Fixes: fc127da085c2 ("truncate: handle file thp")
Signed-off-by: Hugh Dickins <hughd@google.com>
Acked-by: Kirill A. Shutemov <kirill.shutemov@linux.intel.com>
Cc: <stable@vger.kernel.org>
---
v3: expanded spin_unlock(pmd_lock()) like in 03/10, per Yang Shi

 include/linux/mm.h |  3 +++
 mm/memory.c        | 41 +++++++++++++++++++++++++++++++++++++++++
 mm/truncate.c      | 43 +++++++++++++++++++------------------------
 3 files changed, 63 insertions(+), 24 deletions(-)

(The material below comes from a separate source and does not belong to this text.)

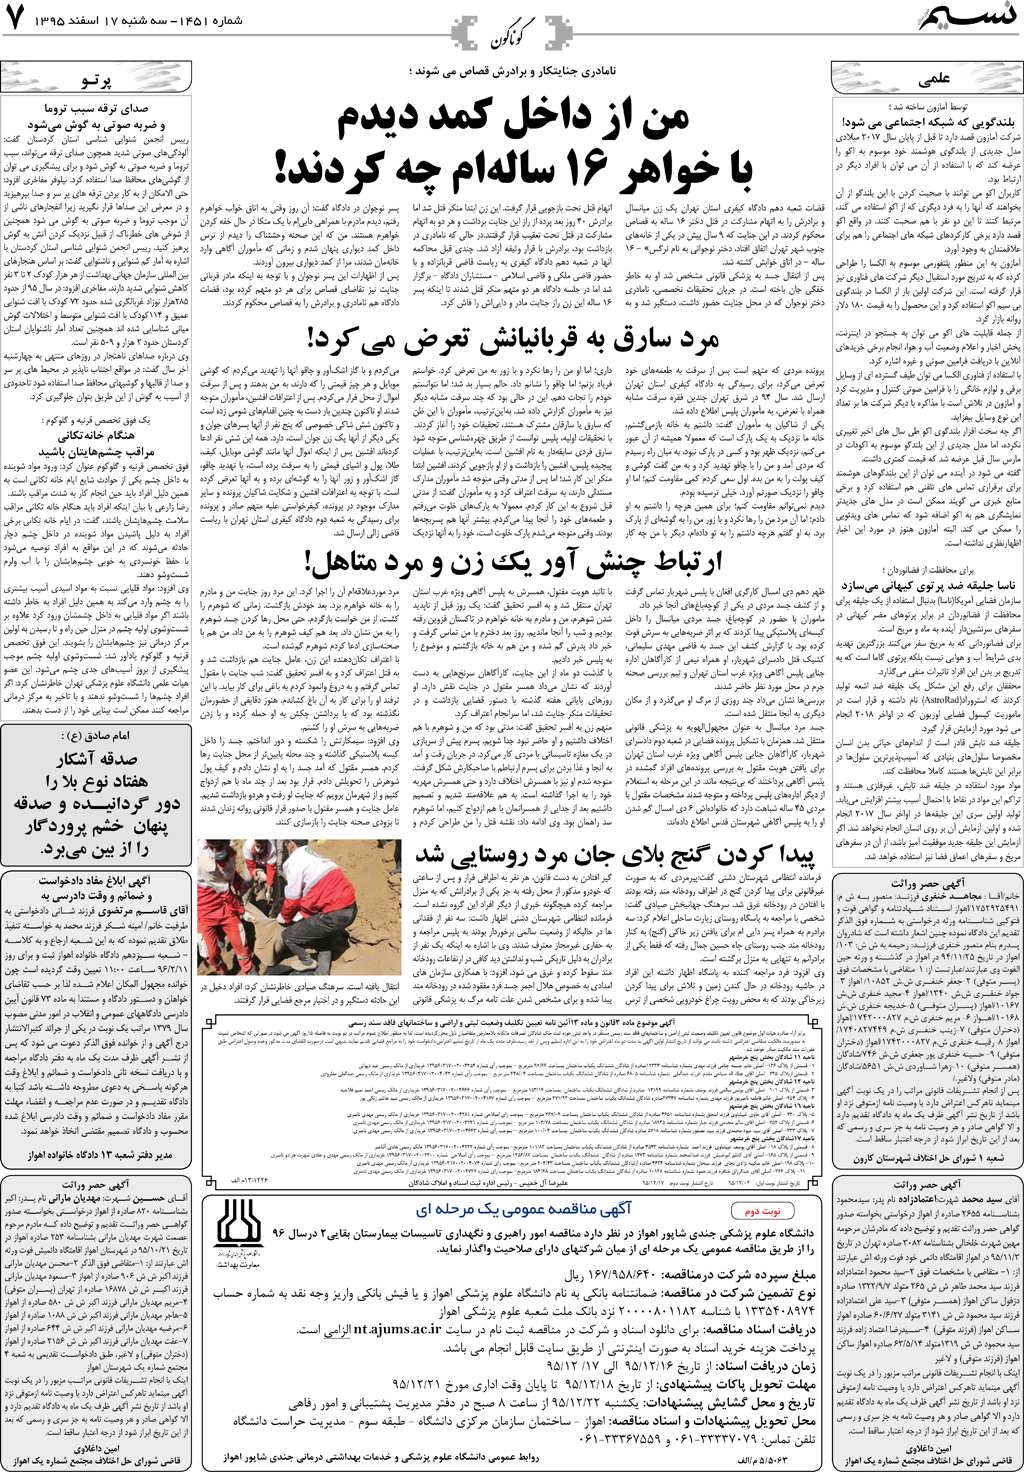 صفحه گوناگون روزنامه نسیم شماره 1451
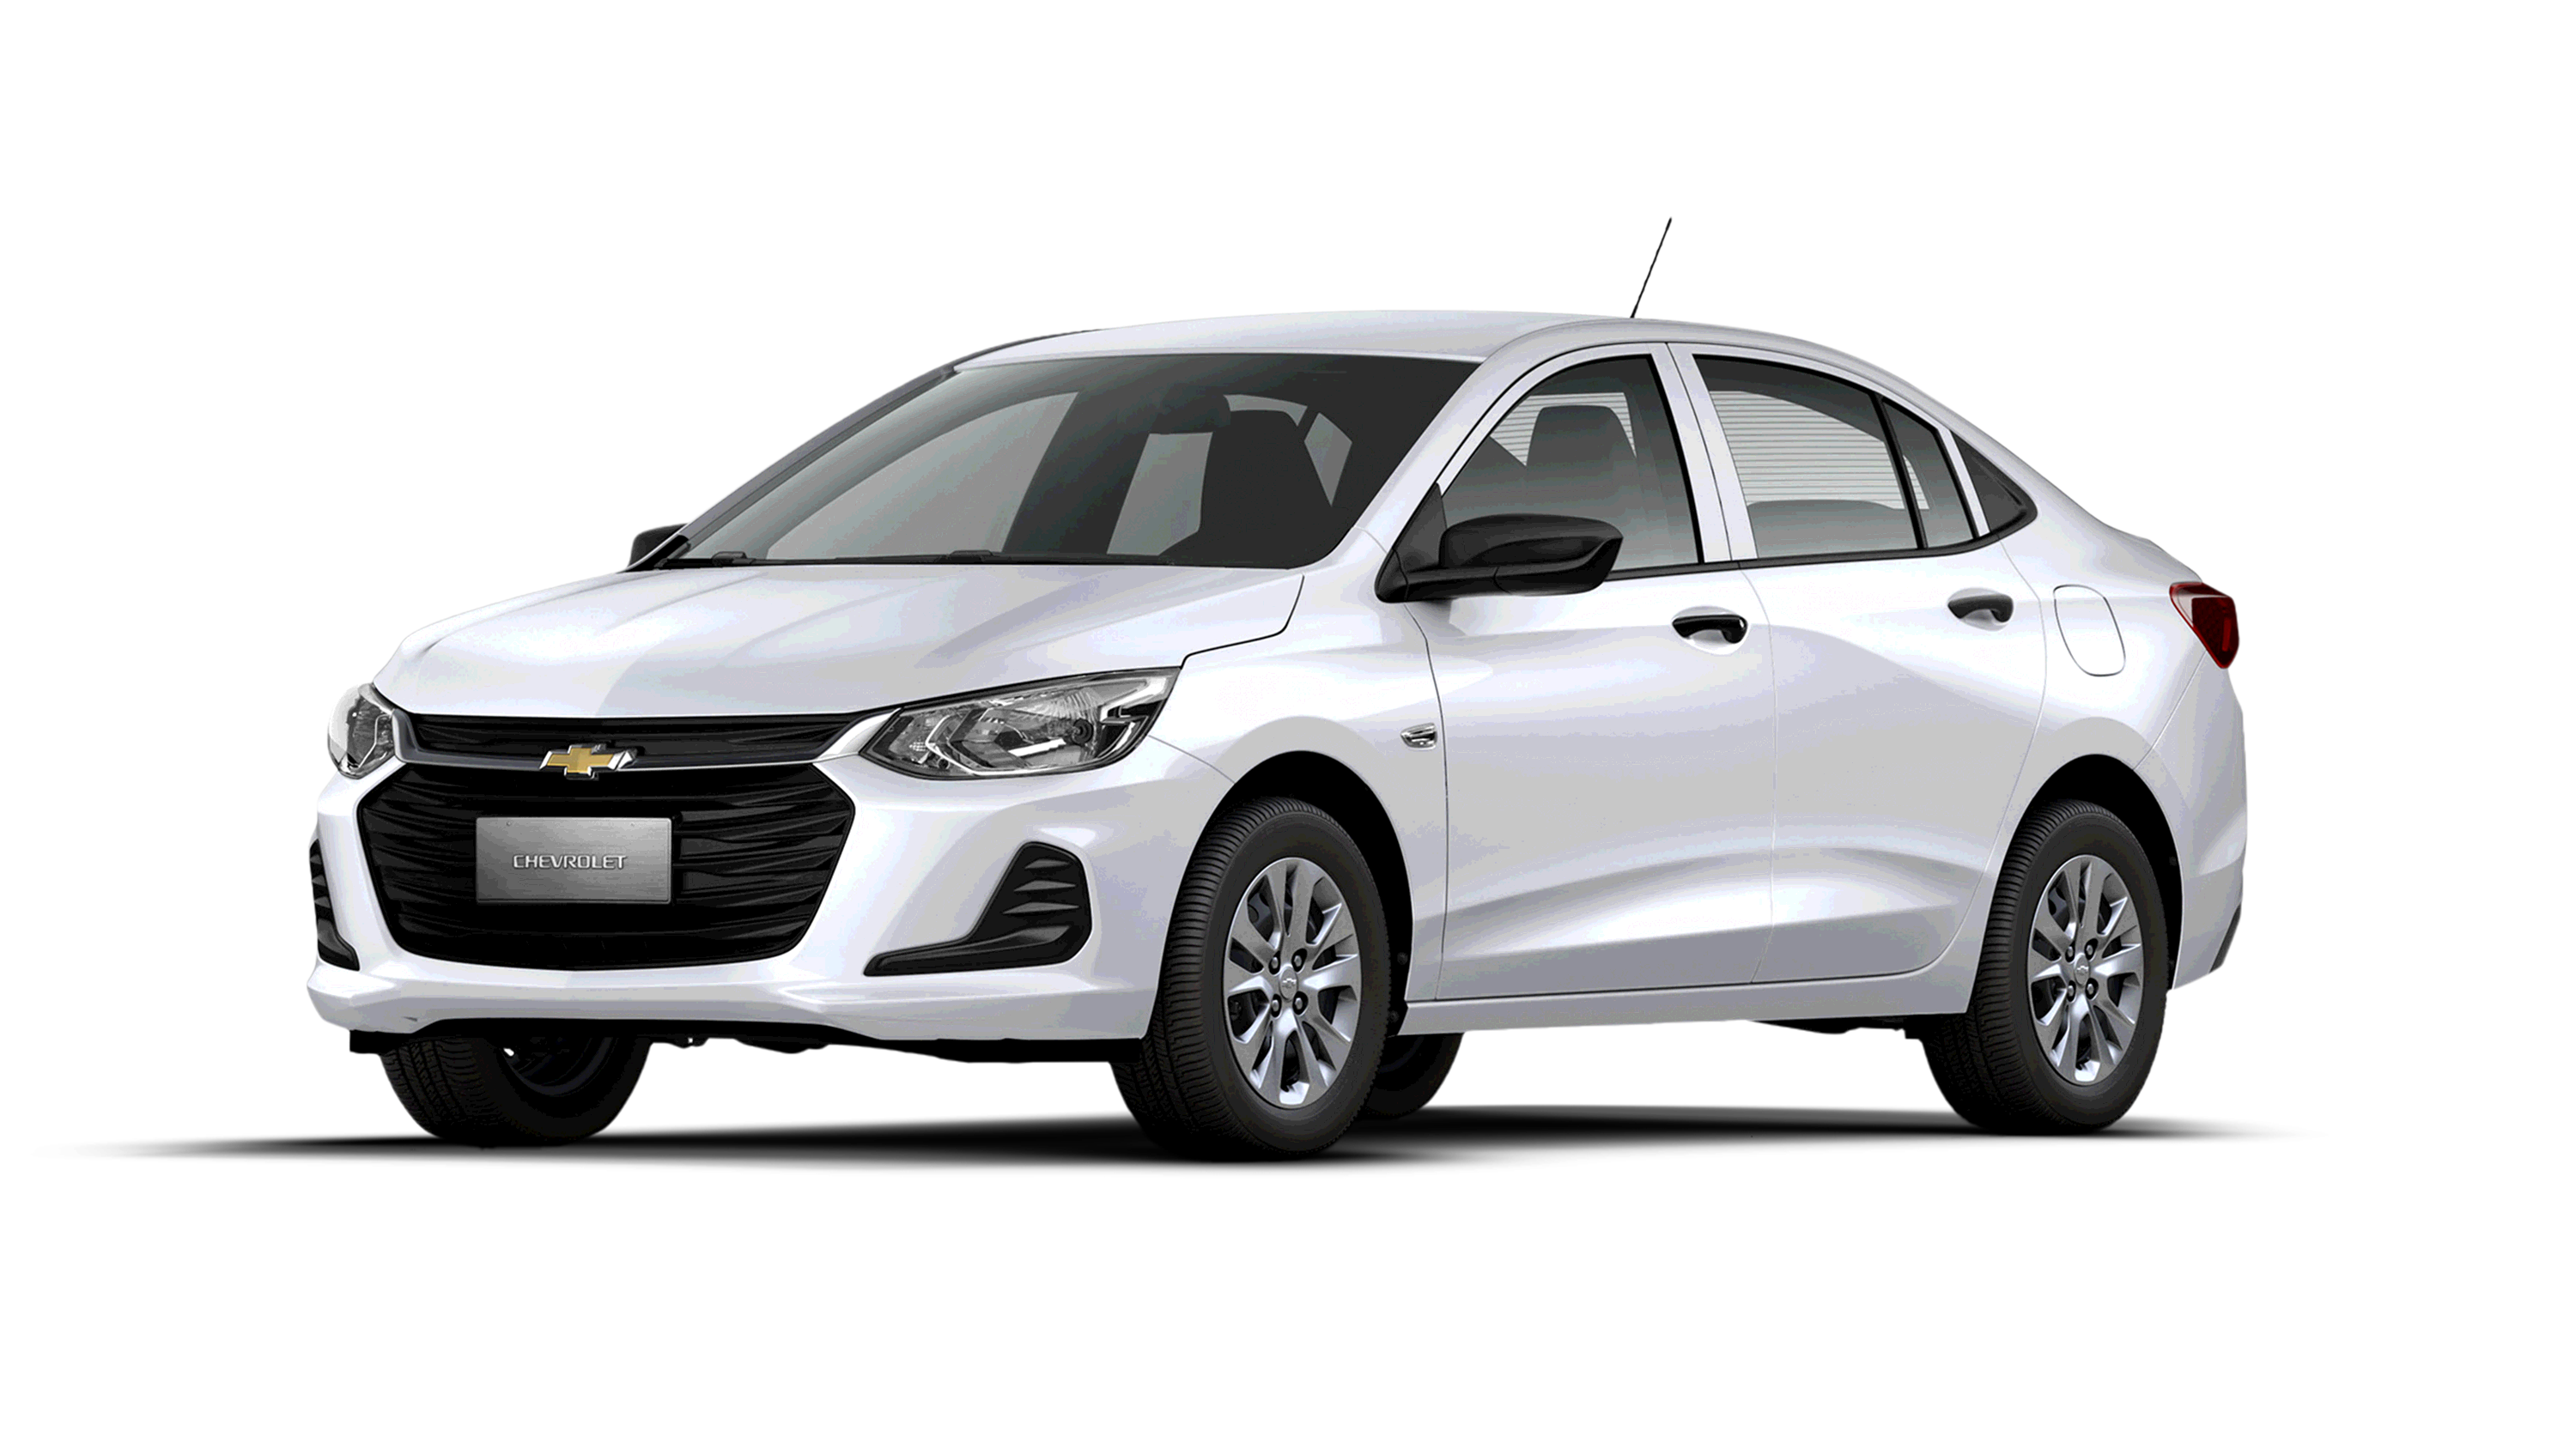 Precios y versiones de Chevrolet Onix 2021

diff --git a/include/linux/mm.h b/include/linux/mm.h
index c274f75efcf9..8ae31622deef 100644
--- a/include/linux/mm.h
+++ b/include/linux/mm.h
@@ -1719,6 +1719,7 @@ struct zap_details {
 	struct address_space *check_mapping;	/* Check page->mapping if set */
 	pgoff_t	first_index;			/* Lowest page->index to unmap */
 	pgoff_t last_index;			/* Highest page->index to unmap */
+	struct page *single_page;		/* Locked page to be unmapped */
 };
 
 struct page *vm_normal_page(struct vm_area_struct *vma, unsigned long addr,
@@ -1766,6 +1767,7 @@ extern vm_fault_t handle_mm_fault(struct vm_area_struct *vma,
 extern int fixup_user_fault(struct mm_struct *mm,
 			    unsigned long address, unsigned int fault_flags,
 			    bool *unlocked);
+void unmap_mapping_page(struct page *page);
 void unmap_mapping_pages(struct address_space *mapping,
 		pgoff_t start, pgoff_t nr, bool even_cows);
 void unmap_mapping_range(struct address_space *mapping,
@@ -1786,6 +1788,7 @@ static inline int fixup_user_fault(struct mm_struct *mm, unsigned long address,
 	BUG();
 	return -EFAULT;
 }
+static inline void unmap_mapping_page(struct page *page) { }
 static inline void unmap_mapping_pages(struct address_space *mapping,
 		pgoff_t start, pgoff_t nr, bool even_cows) { }
 static inline void unmap_mapping_range(struct address_space *mapping,
diff --git a/mm/memory.c b/mm/memory.c
index f3ffab9b9e39..486f4a2874e7 100644
--- a/mm/memory.c
+++ b/mm/memory.c
@@ -1361,7 +1361,18 @@ static inline unsigned long zap_pmd_range(struct mmu_gather *tlb,
 			else if (zap_huge_pmd(tlb, vma, pmd, addr))
 				goto next;
 			/* fall through */
+		} else if (details && details->single_page &&
+			   PageTransCompound(details->single_page) &&
+			   next - addr == HPAGE_PMD_SIZE && pmd_none(*pmd)) {
+			spinlock_t *ptl = pmd_lock(tlb->mm, pmd);
+			/*
+			 * Take and drop THP pmd lock so that we cannot return
+			 * prematurely, while zap_huge_pmd() has cleared *pmd,
+			 * but not yet decremented compound_mapcount().
+			 */
+			spin_unlock(ptl);
 		}
+
 		/*
 		 * Here there can be other concurrent MADV_DONTNEED or
 		 * trans huge page faults running, and if the pmd is
@@ -3236,6 +3247,36 @@ static inline void unmap_mapping_range_tree(struct rb_root_cached *root,
 	}
 }
 
+/**
+ * unmap_mapping_page() - Unmap single page from processes.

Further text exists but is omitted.